Представляется сомнительным, чтобы Н. К. Бонецкой были чужды подобные взгляды, поскольку в ее последних работах, в частности, в статье «М.Бахтин и идеи герменевтики» особо выделяются именно проблемы понимания целого художественного текста и его составляющих. В качестве основных категорий бахтинской гуманитарной гносеологии она называет «вненаходимость и диалога [49, с.38]. Причем «в диалоге, по Бахтину, предмет беседы выступает лишь как повод для личностной встречи. <.> в соответствии со своей интуицией диалога Бахтин считает, что поэтика Достоевского стоит на чистом отношении человека к человеку, а не на стремлении разрешить те или иные умозрительные проблемы» [Там же, с.39].

Идеи М. М. Бахтина неизменно оказываются в центре внимания всех дискуссий, касающихся философии, культурологии, литературоведения, герменевтики и других гуманитарных дисциплин. Не только отечественные, но и зарубежные исследователи признают влияние выдающегося ученого на формирование новых воззрений, направлений и школ в развитии гуманитарной мысли XX века [279].

Похоже, Бахтиным как мыслителем, отказавшимся трактовать события культуры вне ситуации диалога, готовы восхищаться все, принадлежащие к «комплексу», сколь бы своеобразно они ни понимали русского философа" [98, с.227], — пишет А. Зверев в рецензии на энциклопедический справочник.

Современное зарубежное литературоведение (страны Западной Европы и США): концепции, школы, термины" (М., 1996).

Характерно, что имеется в виду «постструктуралистско-деконструкти-вистско-постмодернистский комплекс», приверженцы которого в принципе отвергают такую «эфемерность», как «автор», признавая единственную «магическую категорию» [Там же] - «текстуальность».

В свое время Ролан Барт, имя которого наряду с Мишелем Фуко, Жаком Деррида — упоминается среди крупнейших представителей современного западного структурализма, предложил в статье «Смерть автора» (1968) такое понимание текста: «<.> текст представляет собой не линейную цепочку слов, выражающих единственный, как бы теологический смысл („сообщение“ Автора-Бога), но многомерное пространство, где сочетаются и спорят друг с другом различные виды письма, ни один из которых не является исходным: текст соткан из цитат, отсылающих к тысячам культурных источников. Писатель может лишь вечно подражать тому, что написано прежде и само писалось не впервыев его власти только смешивать разные виды письма, сталкивать их друг с другом, не опираясь всецело ни на один из нихесли бы он захотел выразить себя, ему все равно следовало бы знать, что внутренняя „сущность“, которую он намерен „передать“, есть не что иное, как уже готовый словарь, где слова объясняются лишь с помощью других слов, и так до бесконечности» [31, с.388].

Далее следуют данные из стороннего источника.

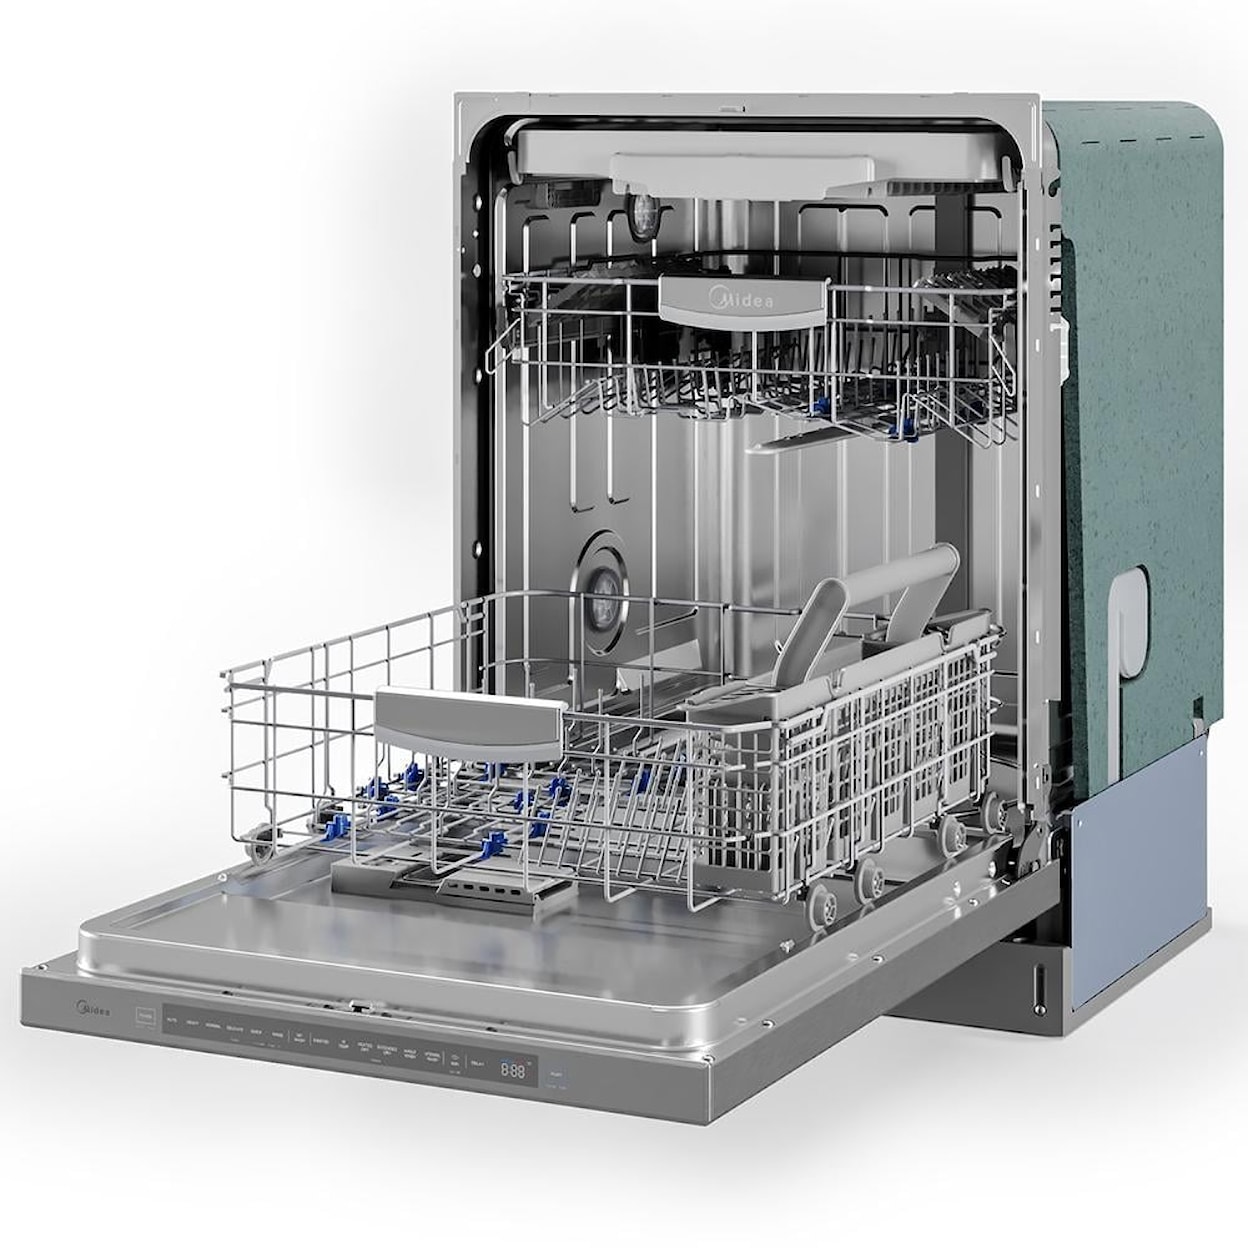 Midea Dishwashers Dishwasher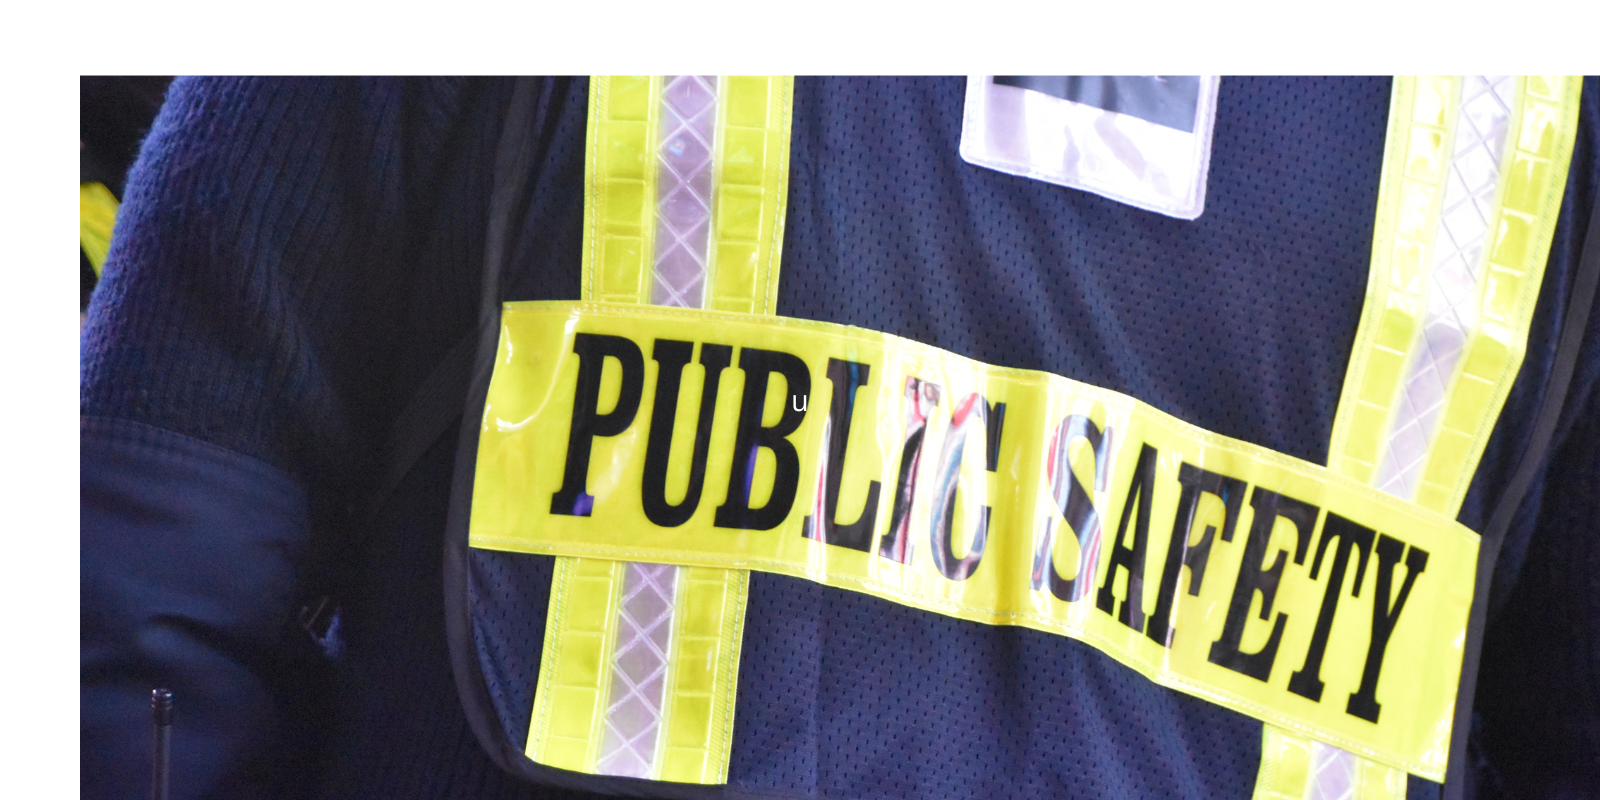 public safety vest

Нетрудно уловить «антибахтинский» характер этих представлений. Во-первых, известен пристальный интерес М. М. Бахтина к онтологии художественного произведения. Он считал, что «активность художника-творца поднимает действительность над потоком времени» [49, с.35]. Сравнивая автора с Богом в работе «Автор и герой в эстетической деятельности», ученый говорит: «Божественность художника — в его приобщенности вненаходимости высшей. Но эта вненаходимость событию жизни других людей и миру этой жизни есть, конечно, особый и оправданный вид причастности событию бытия» [38, с. 175].

Исходя из этих представлений, можно предположить, что для Бахтина и смысл текста нераздельно связан с личностью автора, этот смысл «глубочайшим образом персонален, текст очеловечен» [49, с.38].

Поэтому для Бахтина не может быть приемлемой идея «удаления автора» [31, с.388] и замены его «скриптором», как это предлагают представители современного структурализма. Хотя, разумеется, теории западных ученых, с которыми только начинают знакомиться наши соотечественники, нуждаются не столько в критике, сколько в непредвзятом и внимательном изучении.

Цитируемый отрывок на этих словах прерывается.